Butternut custard bake
Here’s a simple, scrumptious, healthy treat for anyone who, like me, loves homemade pumpkin pie year-round, could eat it any day, and doesn’t feel the need to include crust. I’ll be honest–I always try to be–even if you are like me as just described, this is probably not going to be your favorite dessert. Somewhat pock-marked and unassuming, you’re not likely to serve it to company. But bets are you can happily eat it for breakfast, and it makes a really great snack that lovingly stirs a little Thanksgiving feeling without overindulgence. You can use pumpkin, acorn, or a mix of squashes over the butternut, too.
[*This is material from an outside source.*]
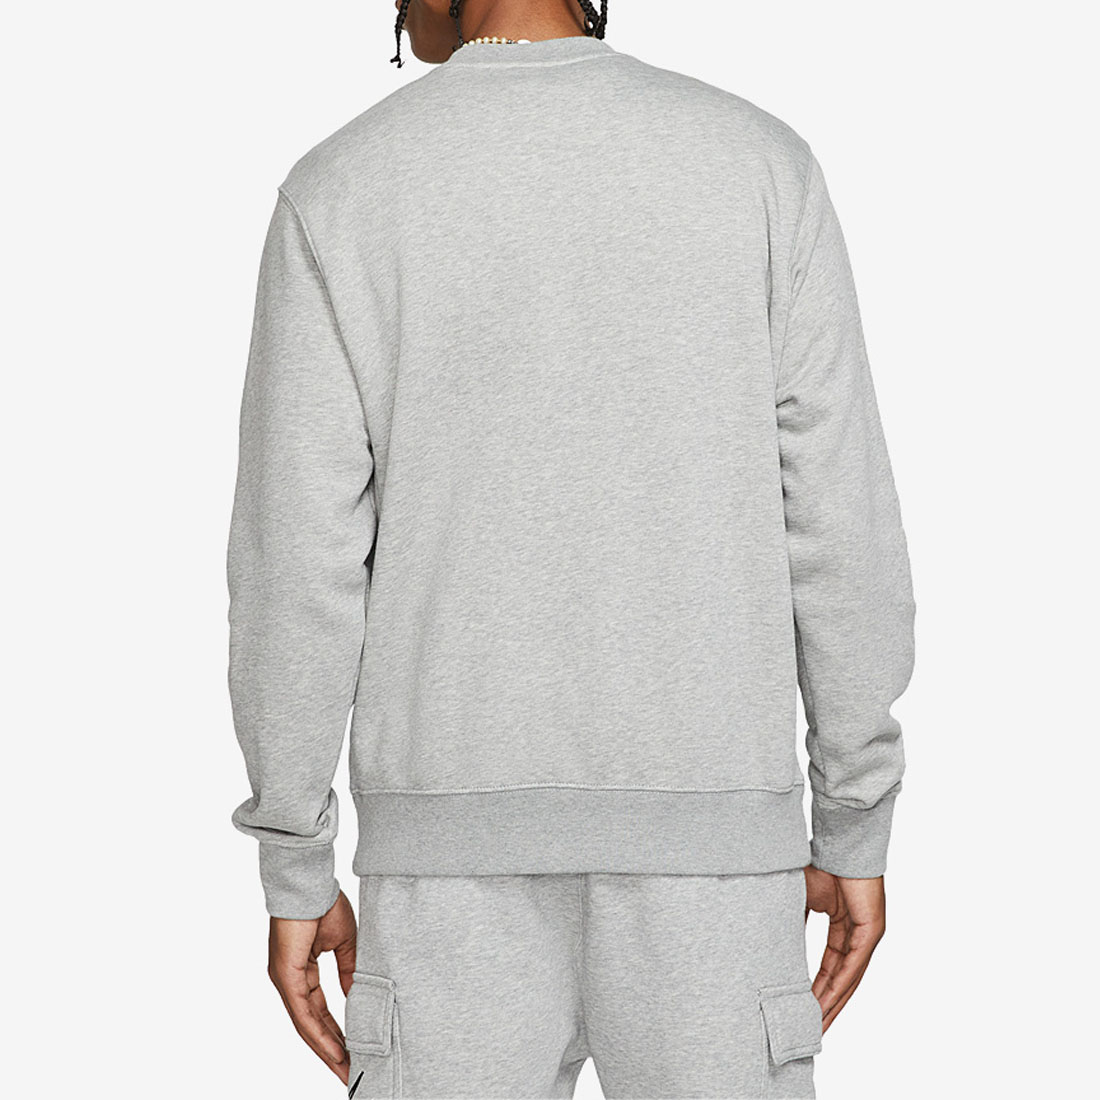 Nike Sportswear Multi Swoosh Mens Grey Graphic Fleece Sweatshirt ...

This started as an adaptation of this delectable looking slow cooker recipe for sugar free, gluten free crock pot pumpkin pie pudding, only it turned out more like soup. I had swapped the flour suggested for almond meal and a little rice flour (which, in the below, you could probably forego and just increase the almond flour). I also used a little molasses and maple syrup over Stevia, simplified the spices, used almond milk for evaporated…and completely forgot about the eggs. The result was a soupy mess, but a tasty, salvageable one at least.
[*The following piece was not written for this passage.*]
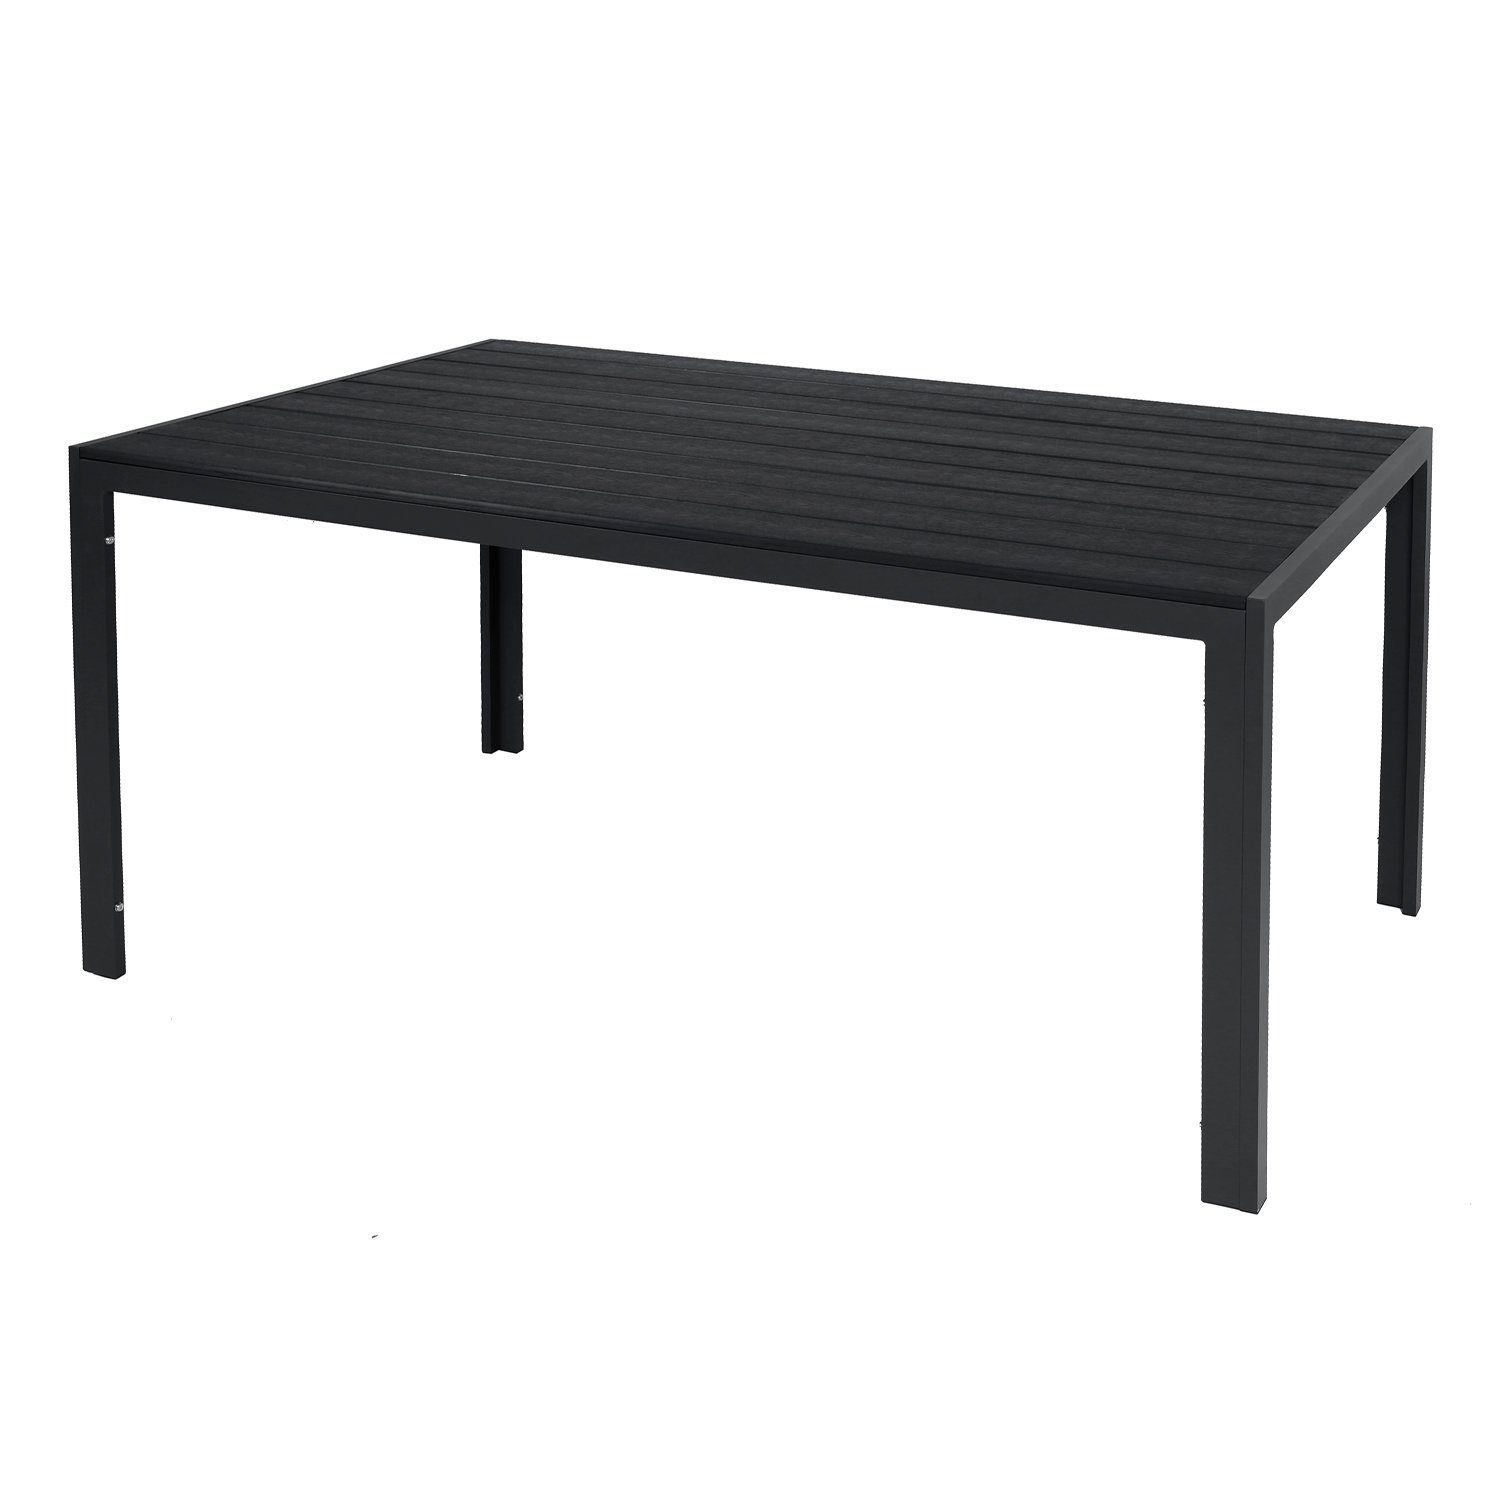 INDA-Exclusiv Küchentisch Großer Non-Wood Gartentisch 180x90cm aus Aluminium anthrazit / schwarz

Looking at my liquid mix, it struck me that I hadn’t saved myself any prep time by using the slow cooker versus popping in the oven. I’d just been drawn to the idea of a crock pot dessert, given how the slow cooker has been my culinary salvation over these past two months that have ushered us into the busy, distracted state of absolute devotion that is new–old, and ongoing–parenting. After whisking in two eggs and baking, I pretty much got what I’d hoped for in the end. And then I had to make it again, sans slow cooker, to make sure it still worked without the 8-hours cooking on low the previous attempt had undergone.
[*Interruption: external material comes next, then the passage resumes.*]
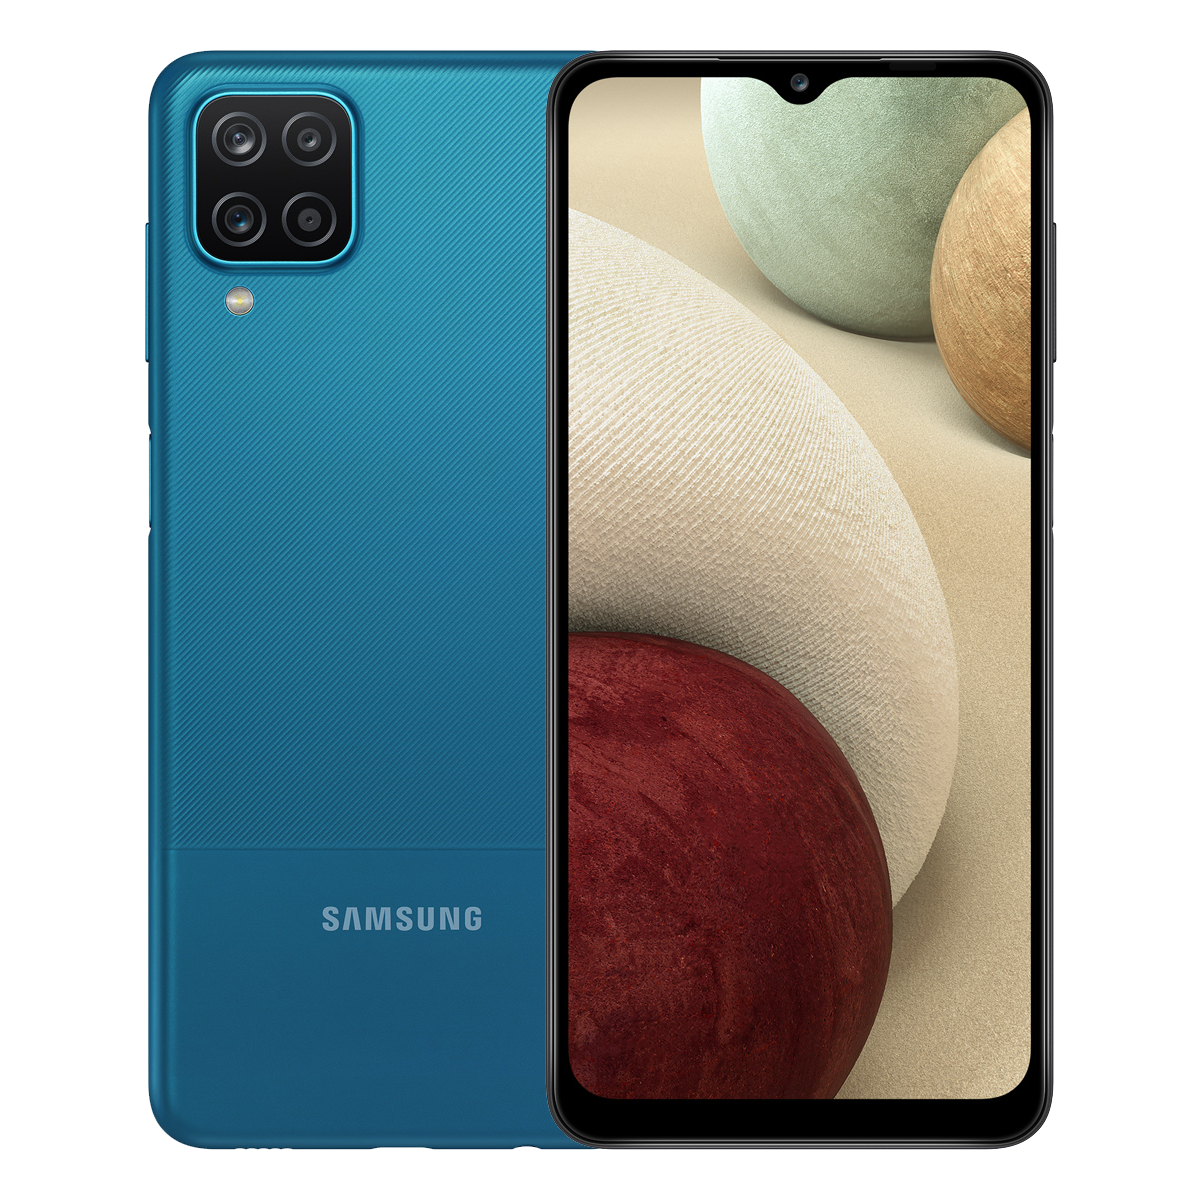 Samsung Galaxy A12 prix, vidéos, bons plans et caractéristiques techniques

In a (butter)nutshell–ugh, how cheesy, but that’s the closest I get to humor after hours of rocking to Raffi everyday–I spent an inordinate time I don’t have on an adequate dessert/yummy snack (that I happen to really, really like) because of a fixation on adding “dessert” to the slow cooker repertoire, and at the end of the day I didn’t officially use the slow cooker. It happens. You may not find this worth the trouble in the season of pumpkin pie aplenty, either. But if you’re tempted, you’ll only be indulging in a satisfying, creamy dose of vitamins A, B6 and C, fiber, potassium, and more, plus flavor that doesn’t lean on sugar for its goodness.
Incidentally, Raffi really does rock! I never before realized how much. Time is passing by so fast, I’m not only grateful for the rock-a-bye moments swaying to Raffi with my Little Monkey, I’m thankful for the time in a bottle that is already each and every track of each CD.
Butternut custard bake
- 1 3/4 cups butternut squash (or pumpkin/acord/squash mix) puree
- 1 1/2 cups unsweetened plain or vanillar almond milk
- 1/4 cup maple syrup
- 2 tablespoons blackstrap molasses
- 2 large eggs, beaten
- 1 teaspoon vanilla extract
- 1/3 cup almond flour
- 2 tablespoons brown rice flour (or incrase almond flour to 1/2 cup)
- 1 tablespoon pumpkin pie spice
- Prepare an 8X8 square baking dish with cooking spray. Preheat oven to 400 F.
- Whisk together all ingredients until well mixed.
- Pour mixture evenly in pan. Bake at 400 F for 35-40 minutes, or until set. Allow to cool slightly and slice into squares to serve (warm or cold).